Scientific classification
- Kingdom: Animalia
- Phylum: Chordata
- Class: Mammalia
- Order: Artiodactyla
- Family: Bovidae
- Subfamily: Caprinae
- Genus: Capricornis
- Species: C. sumatraensis
- Subspecies: C. s. sumatraensis
- Trinomial name: Capricornis sumatraensis sumatraensis (Bechstein, 1799)

= Sumatran serow =

Subspecies of goat-antelope (Capricornis sumatrensis)

The Sumatran serow (Capricornis sumatraensis sumatraensis), also known as the southern serow, is a subspecies of the mainland serow native to mountain forests in the Thai-Malay Peninsula and on the Indonesian island of Sumatra. It was previously considered its own species, but is now grouped under the mainland serow (Capricornis sumatraensis), as all the mainland species of serow (Chinese, red and Himalayan) were previously considered subspecies of this species.

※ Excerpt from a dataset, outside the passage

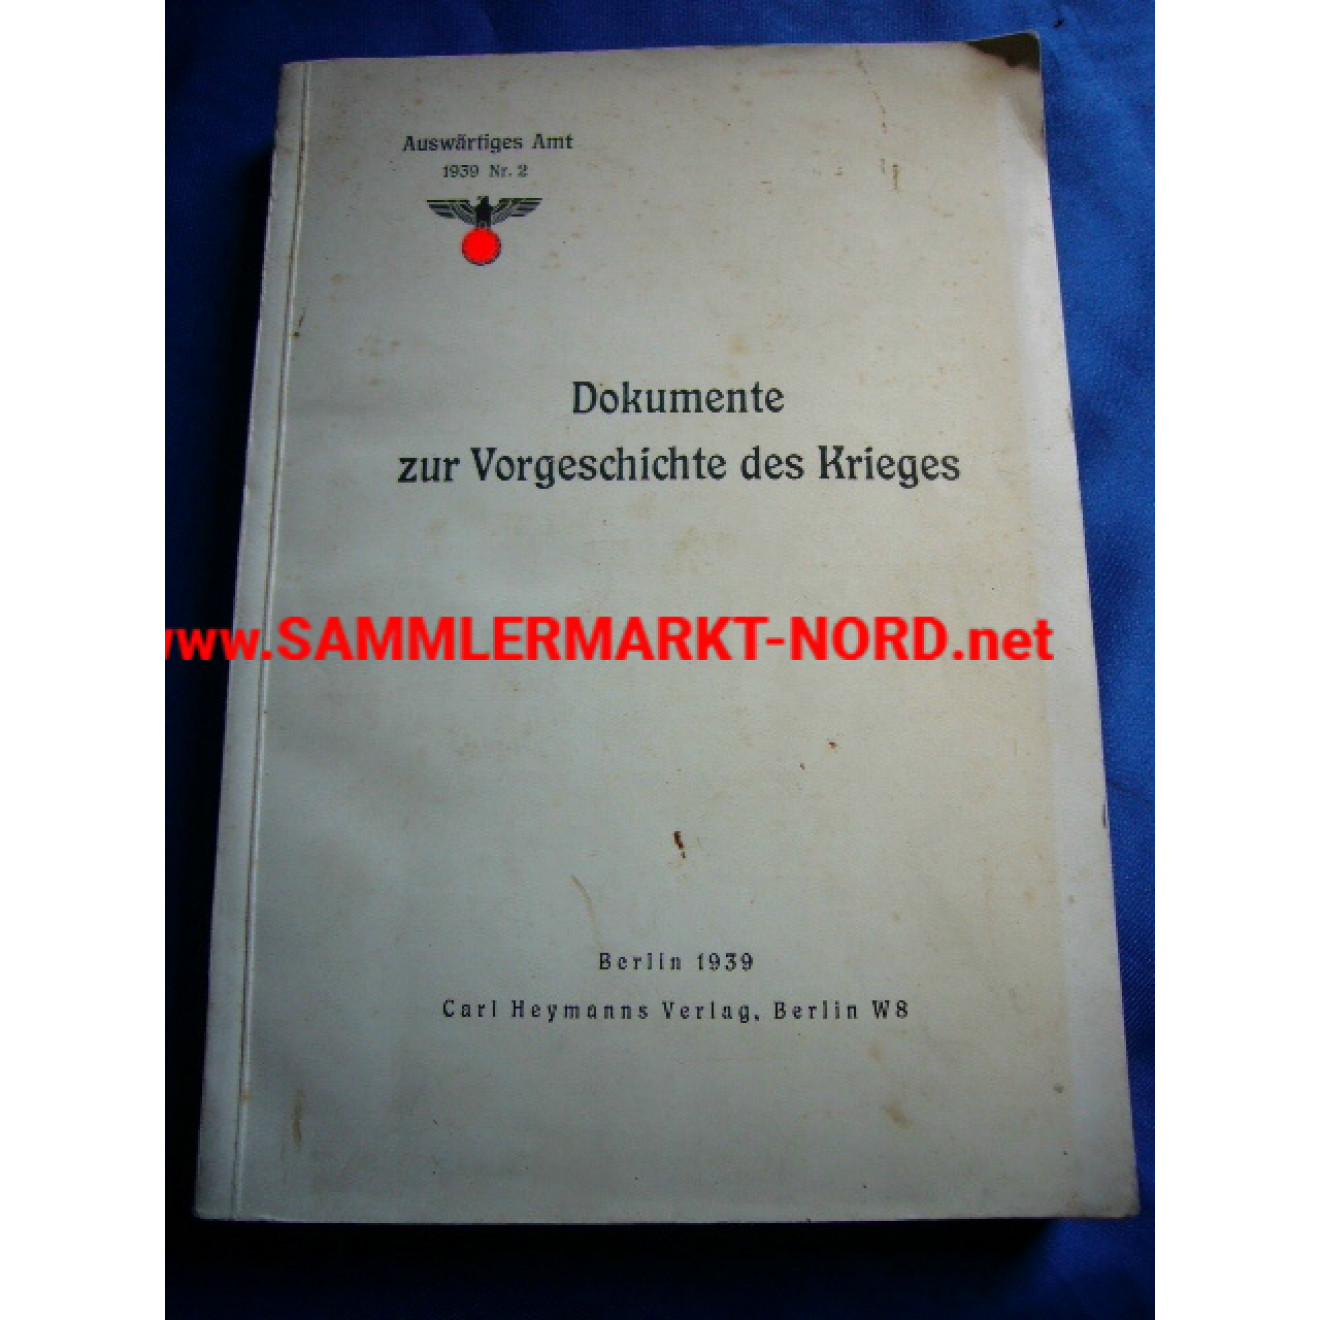 Dokumente zur Vorgeschichte des Krieges (Foreign Office 1939 Nr.

The Sumatran serow is threatened due to habitat loss and hunting, leading to it being evaluated as vulnerable by the IUCN.
==Physical characteristics==
The Sumatran serow has a stocky
build, standing about 85-94 cm tall
at the shoulder.

It has coarse, dark fur, ranging from black to grayish, which helps it blend into the forest undergrowth.

Both males and females have backward-curving horns, which are relatively short but thick.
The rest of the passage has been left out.